Four, houses have to be re-habited. As explained by Ms Taimoorazy, this is a large project that would require substantial funding and cooperation with NGOs and companies. Once the four stages of rebuilding Teleskof are concluded, next crucial steps would be to bring security and economy to the area to ensure sustainability.
It is important to note that before Daesh, Teleskof was a home for over 11,000 people. The 430 families that have returned represent a small percentage of that number. As Teleskof is being rebuilt and life slowly return back to normal, more families are expected to return. Organisations like the Iraqi Christian Relief Council hope that once the primary works are complete, at least the same number of people will re-settle to Teleskof.
Rebuilding Teleskof gives hope to other towns and villages of Ninevah Plains. However, it has to be emphasised that Teleskof was in a better state in comparison to other towns in Ninevah Plains, like for example Quaragosh. Other towns and villages in Ninevah Plains will need more work. According to a report by Aid to the Church in Need, a Pontifical Foundation of the Catholic Church, over 12,000 houses were vandalised by Daesh in only nine Ninevah Plains towns (with 669 totally destroyed houses, 3,362 burned and 7,673 partially damaged). The cost of rebuilding the towns is in excess of $200 million.
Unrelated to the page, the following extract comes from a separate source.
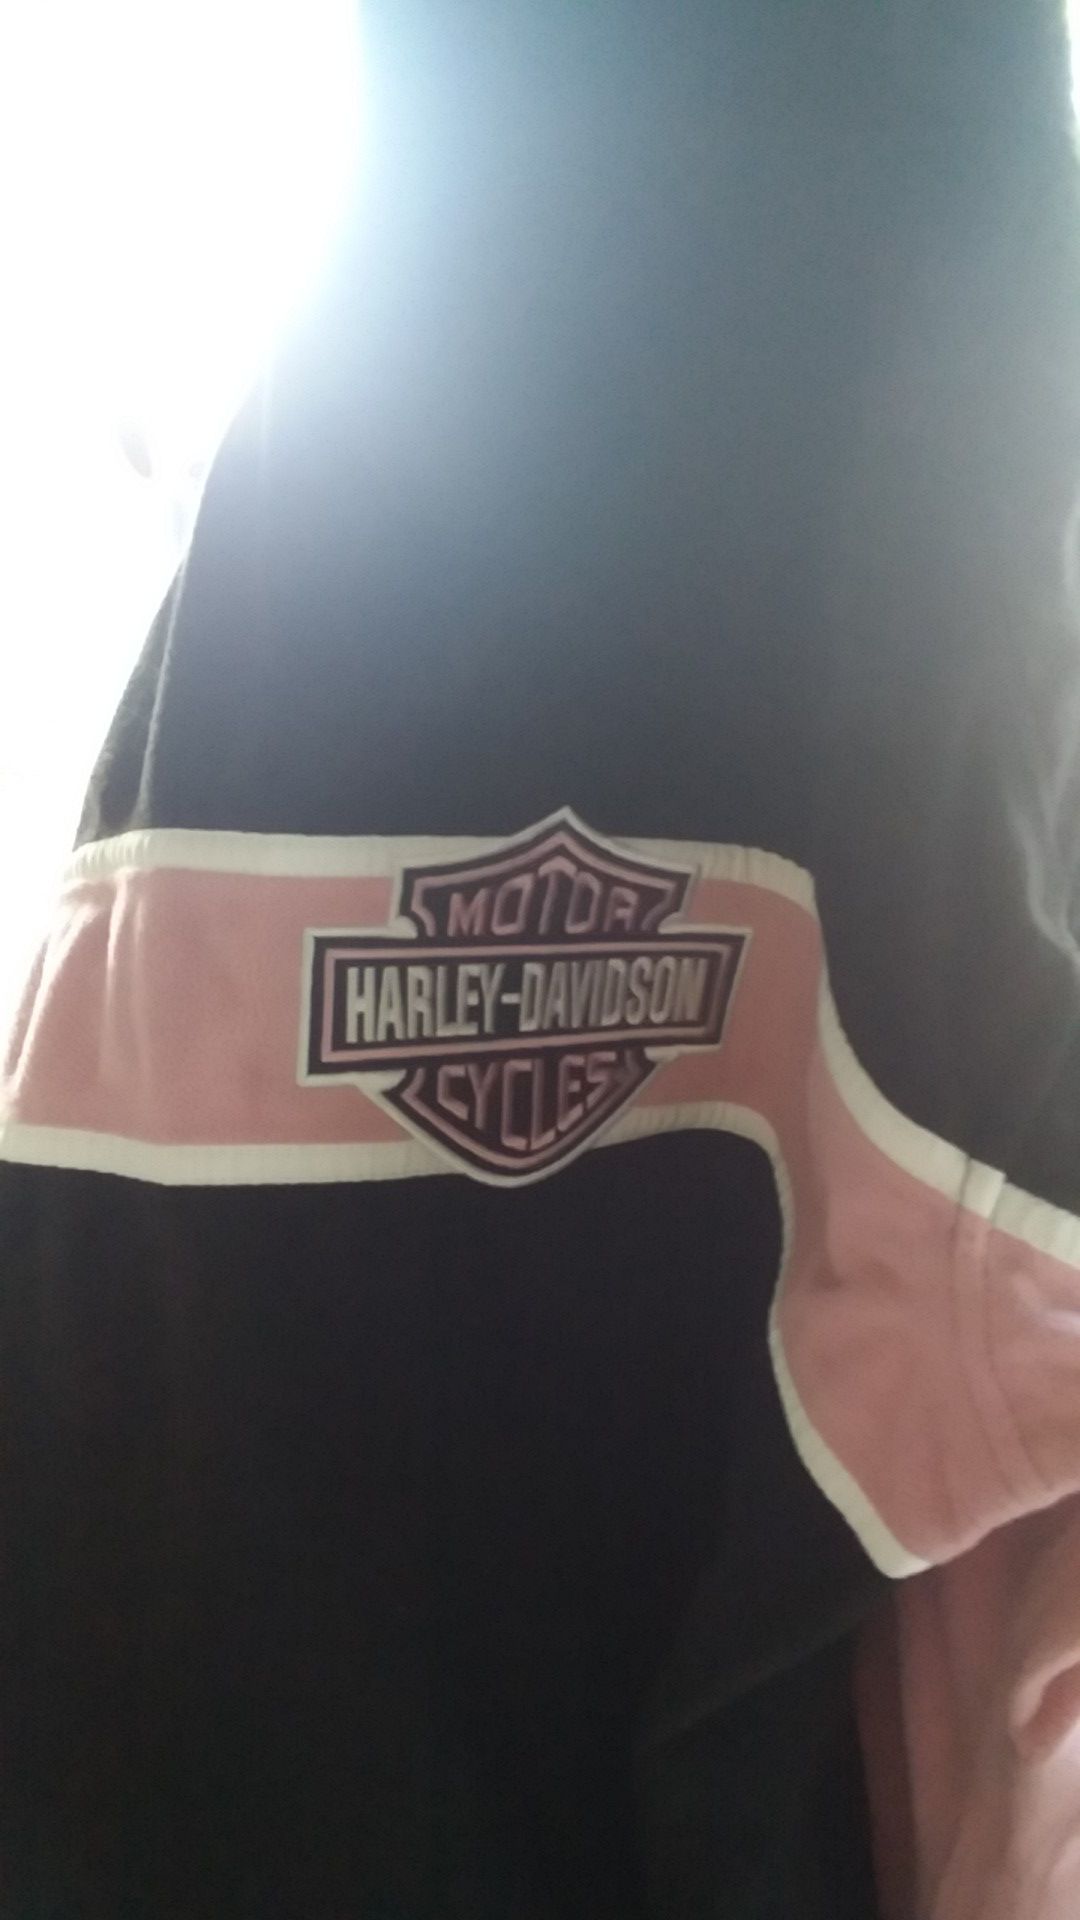 Harley Davidson Large jacket hoodie with pink stripe

Despite the high cost, they must be rebuilt. The sooner towns like Teleskof are up in running, the sooner people will start returning to their homes. This would take the pressure away from other areas and countries that, over the last years, have seen hundreds of IDPs or refugees. The people who have not left the area yet, are willing to go back. Aid to the Church in Need indicated that 41% of the interviewed people from Ninevah Plains want to go back and 46% seriously consider returning back home. This is a massive shift from November 2016 when only 3% of the people considered returning.
However, they need to have something to go back to. Rebuilding Teleskof gives hope to Christians in the region that there is still a life for them in Iraq. This will not be achieved if the world continues to turn their back on the people in need in Iraq. The international community has already failed to prevent the Daesh atrocities from escalating to genocidal proportions, resulting in the annihilation of the communities from the region. Prosecuting the Daesh fighters for their involvement and complicity in the genocidal acts is not happening yet. The International community must act to help the IPDs and refugees to be able to return to their homes.
The future of Christians in Ninevah Plains will be built on the ashes of the Daesh destruction. However, it must be rebuilt. Daesh cannot succeed in it well-enforced plan to destroy Christian communities in the area. Not on our watch.
Ewelina U. Ochab is a human rights advocate and author of the book “Never Again: Legal Responses to a Broken Promise in the Middle East.”